If the recommendation here is to simply quit while we’re ahead, to embrace the end before things get really rough, why shouldn’t we just eat a bullet when we’re young and beautiful, instead of waiting for the first corrosive effects of age to creep in?

We’re all dying, after all. Slowly, but surely.

The idea that “death is a natural part of life” is a wrong-headed cliché borrowed from Eastern and New Age philosophies that we’ve been using for generations now to make ourselves feel more enlightened and transcendent than we really are. It’s a flimsy notion snipped right from the same hackneyed, ham-handed cloth as “Everything happens for a reason” and “God works in mysterious ways.”
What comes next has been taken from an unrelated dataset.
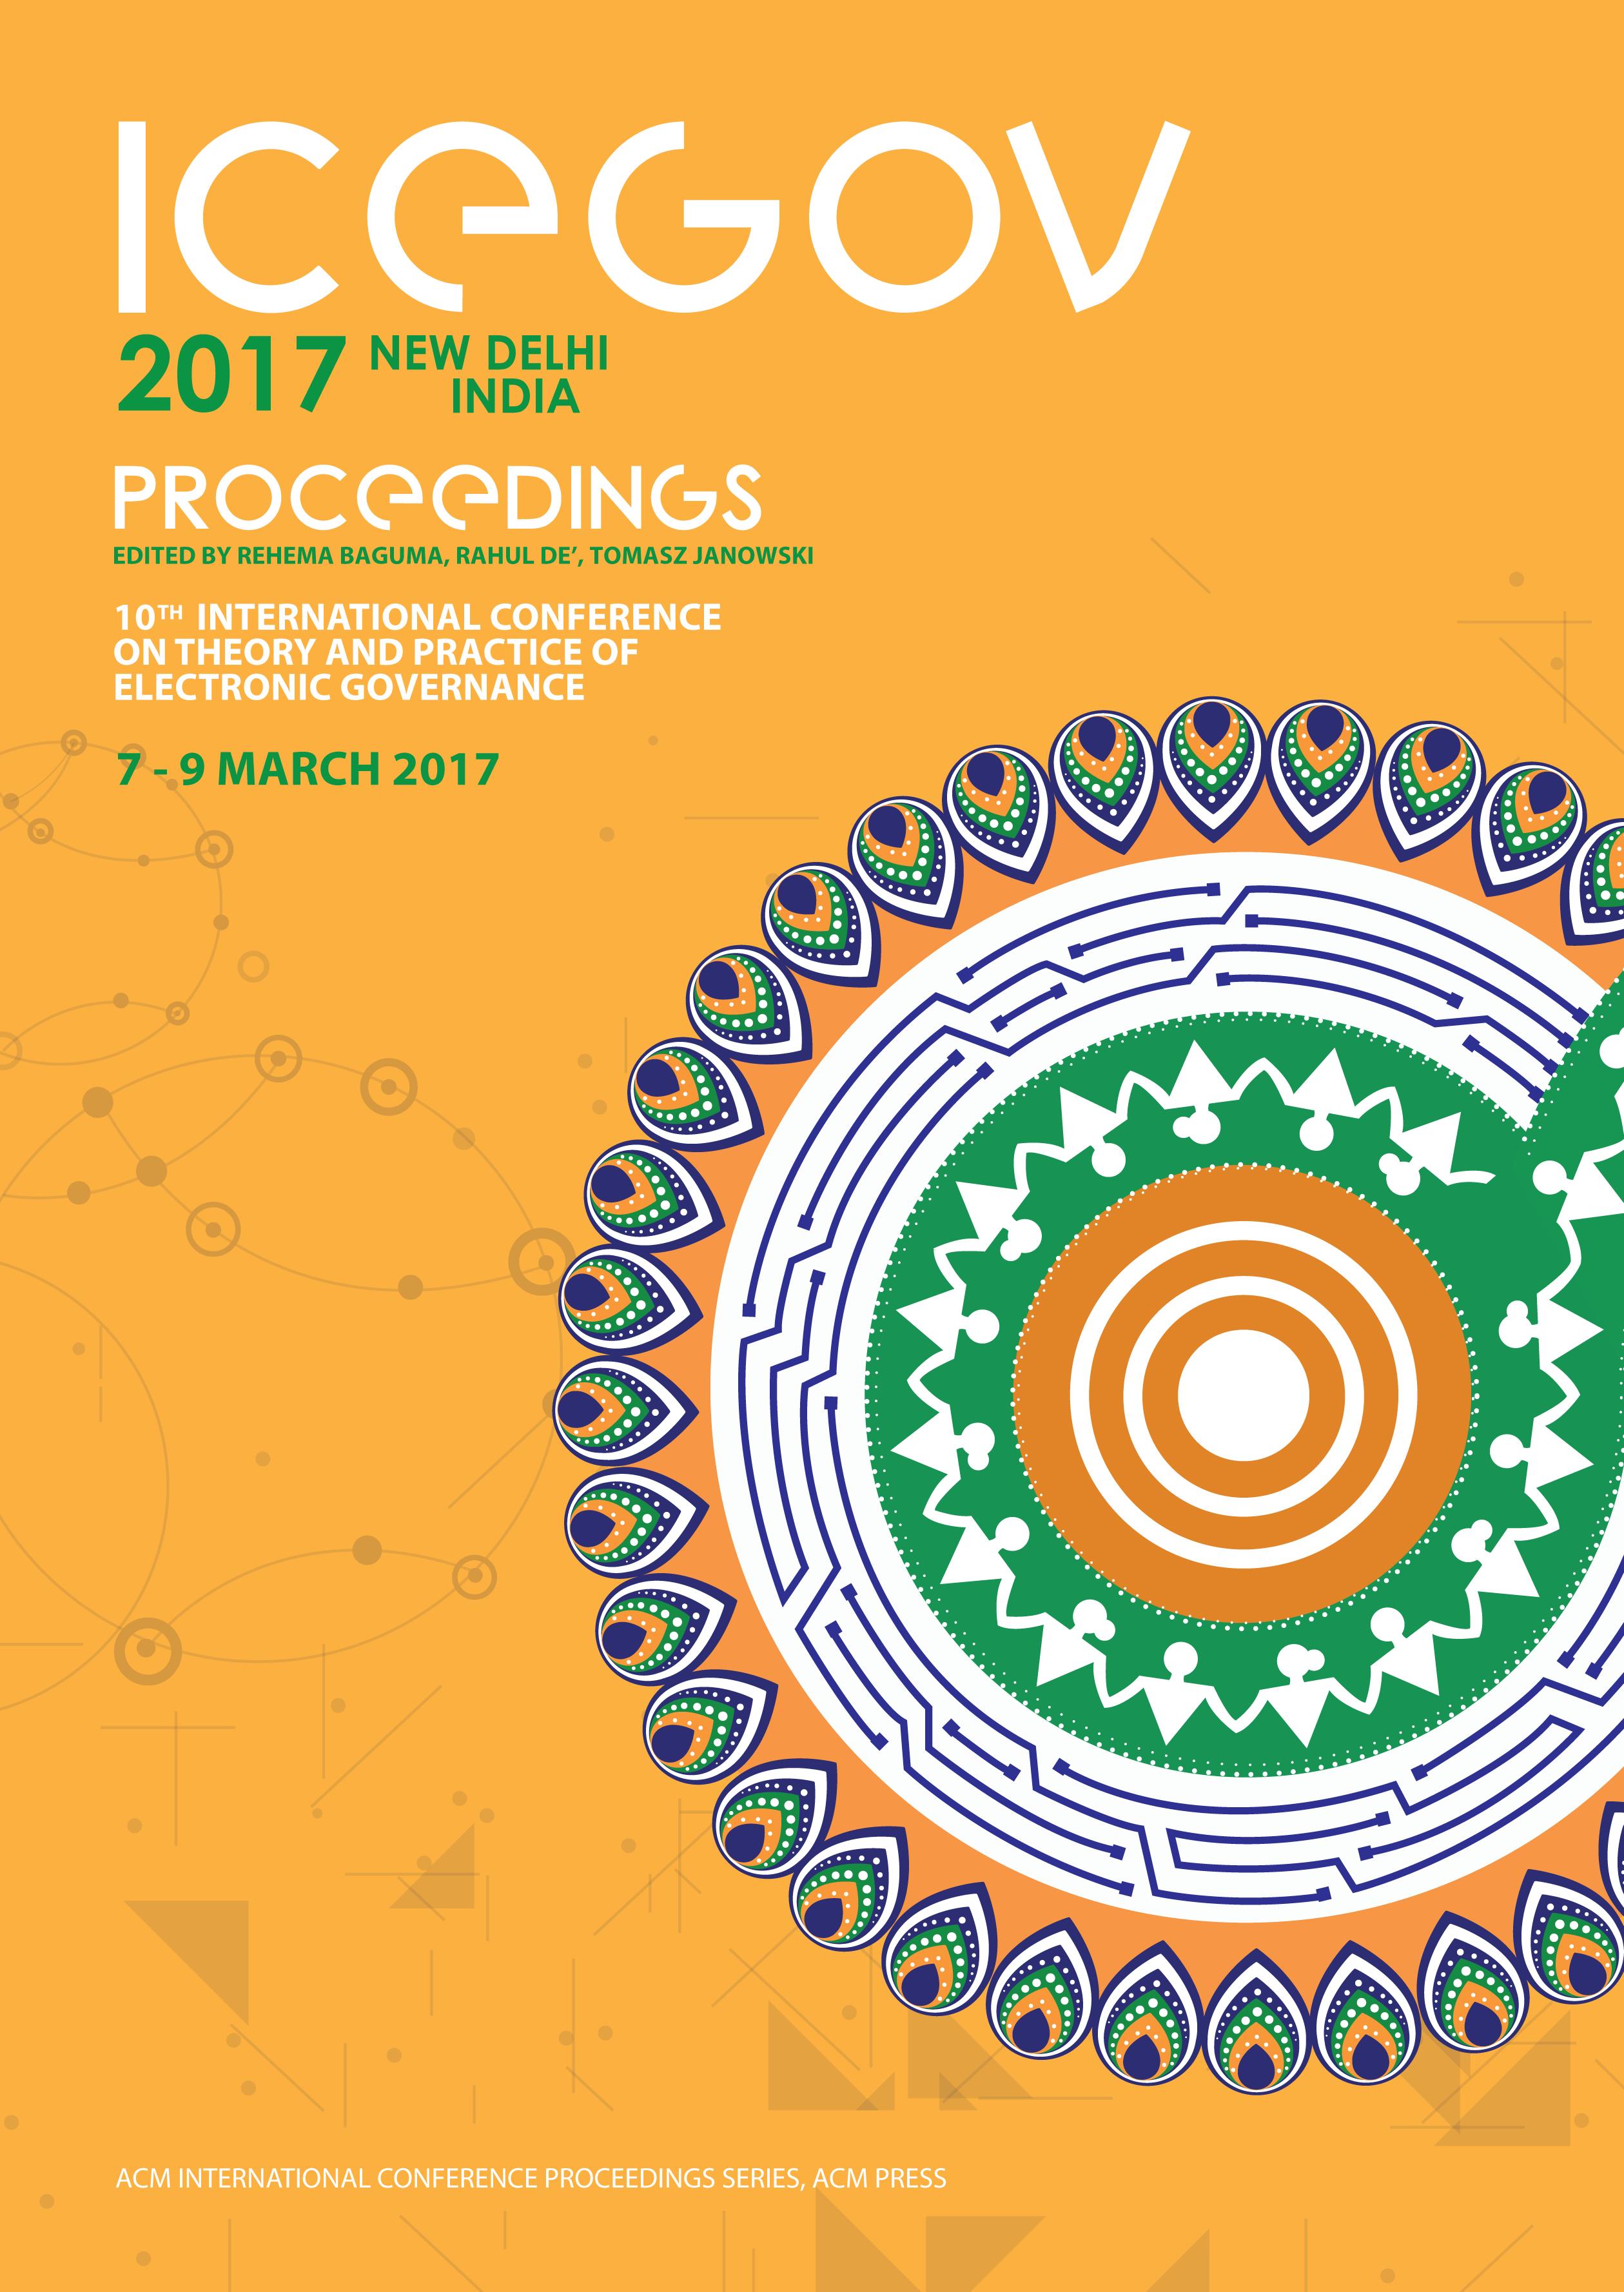 ICEGOV2017 Proceedings cover news item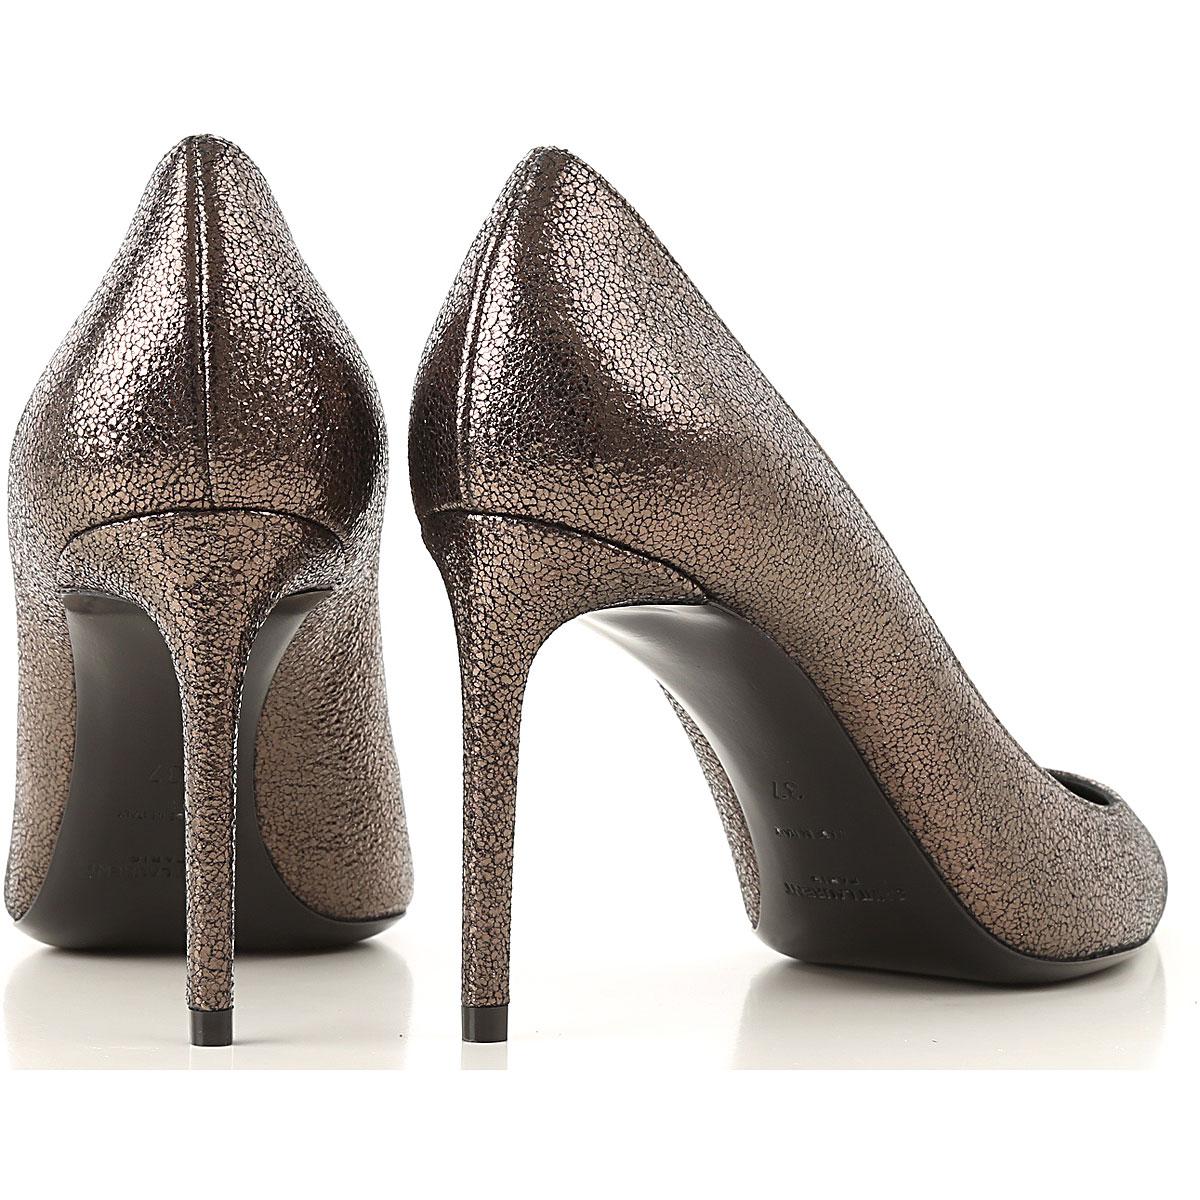 2019 nbsp; Primavera Metálico Para Laurent Bronce verano Zapatos Saint Mujer a7WgZq6qCw

The idea that “death is a natural part of life” is like the concept of the afterlife, a fabrication we’ve devised to comfort ourselves and make the inevitable somehow digestible. It makes us feel like our own deaths are just another link in some great, big, beautiful “circle of life.”

Hakuna matata, right?

Except death is not a part of life, despite what all the would-be Buddhas out there would have you believe. Death is the polar opposite of life. In actuality, the very essence of life is the whole snarling, spitting, frantic fight to stay as far away from death as possible. Suffering and struggle are part of that.

Nothing should be more important than life; not financial debt, not escape from pain, not promises made, not even liberty and justice for all (sorry, all you idealists who put political martyrs on pedestals, I think you’re nuts). It’s certainly more important than some half-baked virtue like “dignity.”

No measure of life is trivial, no procedure to prolong it unreasonable. The moment you “accept death” as a “natural part of life,” you’re already dead.

Simply put, “giving up” and “giving in” mean the exact same thing. Don’t be fooled into thinking otherwise.